Seeking clarity on commutative property

Hi! I am working on the first guided project and am cleaning the data sets. I see that I have a choice between changing the original data or making a duplicate. I can see where changing the original data may not be best practice. If I create the duplicate as an empty list I can use .append and leave the original data set unchanged.
https://bit.ly/3sIetCz

app_data = [['A', 'B', 'C', 'D'], [1, 2, 3, 4], [1, 2, 3, 4], [1, 2, 3], [1, 2, 3, 4]]
new_data_set = []

def refiner(data_set):
    for row in data_set:
        if len(row) == len(data_set[0]):
            new_data_set.append(row)
        
print(len(app_data))
print(len(new_data_set))
refiner(app_data)
print(len(app_data))
print(len(new_data_set))

and the output

5
0
5
4

But if I try to create the duplicate by copying the original, the commutative property results in a change to the original data set.
https://bit.ly/3bTJrRk

app_data = [['A', 'B', 'C', 'D'], [1, 2, 3, 4], [1, 2, 3, 4], [1, 2, 3], [1, 2, 3, 4]]
new_data_set = []
new_data_set = app_data

def refiner(data_set):
    for row in data_set:
        if len(row) != len(data_set[0]):
            row_index = data_set.index(row)
            del data_set[row_index]
        
print(len(app_data))
print(len(new_data_set))
refiner(new_data_set)
print(len(app_data))
print(len(new_data_set))

and the output

5
5
4
4

So my question is 1) what is the effect on memory if I use the first method, and 2) if that effect is large, can I use some work-around with the second method and not get stuck changing the original data.

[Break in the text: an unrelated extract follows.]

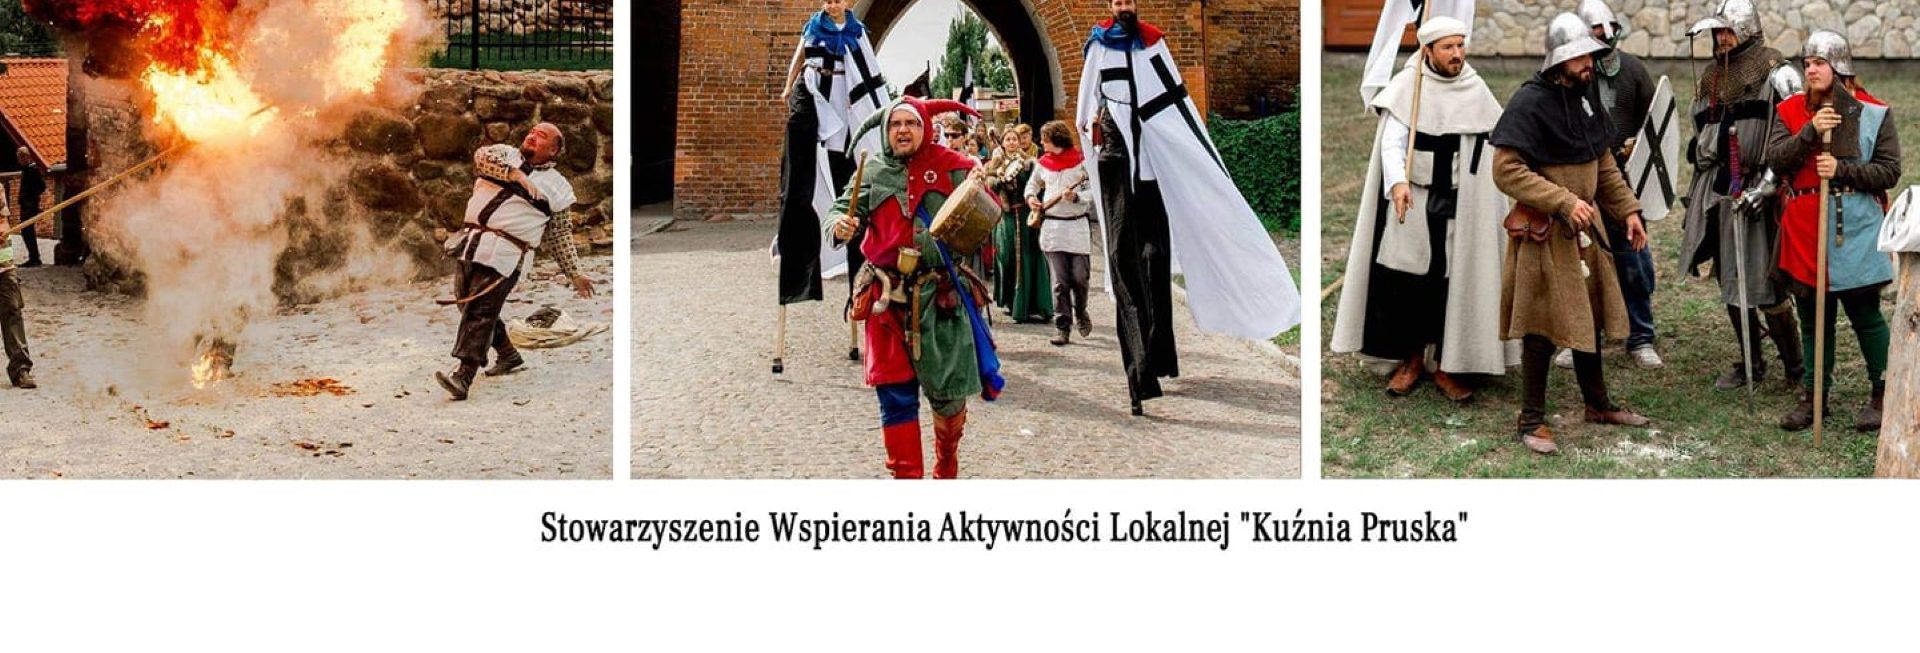 Plakat graficzny zapraszający do Pasłęka na cykliczną imprezę Jarmark św. Bartłomieja - Pasłęk 2021. Na plakacie trzy zdjęcia przedstawiające rycerzy w strojach średniowiecznych jadących na koniach na tle bramy zamku oraz rycerza podczas prezentacji "ognia".

Thanks everyone. Hope you’re having a great week.

You can profile memory by some methods here: https://www.pluralsight.com/blog/tutorials/how-to-profile-memory-usage-in-python

If you don’t want to generate the full refined dataset, rather than saving the full data, you can just save the index of the rows you want to keep. A lot of data manipulation in pandas/scikit-learn is just manipulating indexes rather than the row itself.

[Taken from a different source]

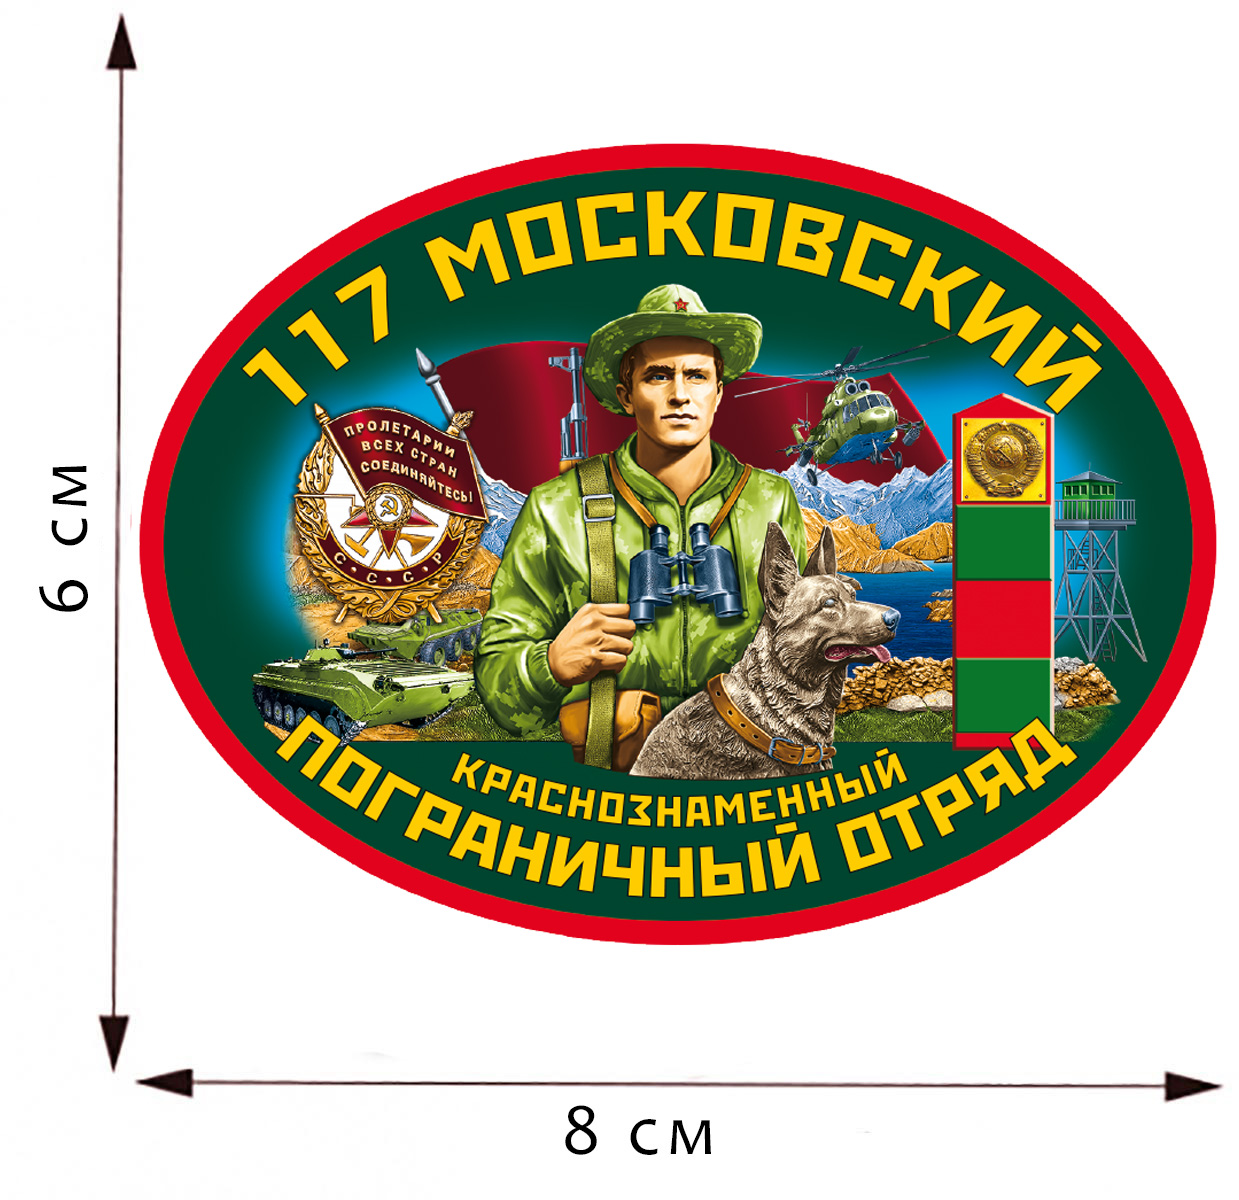 Термоаппликация "117 Московский пограничный отряд"

This line in your 2nd code is doing linear search and O(n) complexity. You can do it faster by using enumerate to generate an index on the fly that moves together with the data.

Normally, a copy is needed when the same source data must be used to generate more than 1 type of analysis. If you don’t copy, the 1st analysis would have manipulated information in a way that may not be suitable for the 2nd analysis. If you don’t need this split path and it’s one way, then just manipulating in-place is fine. A lot of pandas methods have inplace parameter.

Thanks for the great answer. I take your point on using indexes instead of complete data tables. I have used enumerate a little bit in a different course but not yet in DQ.

Thanks again.

Also thanks for the link to the memory management article.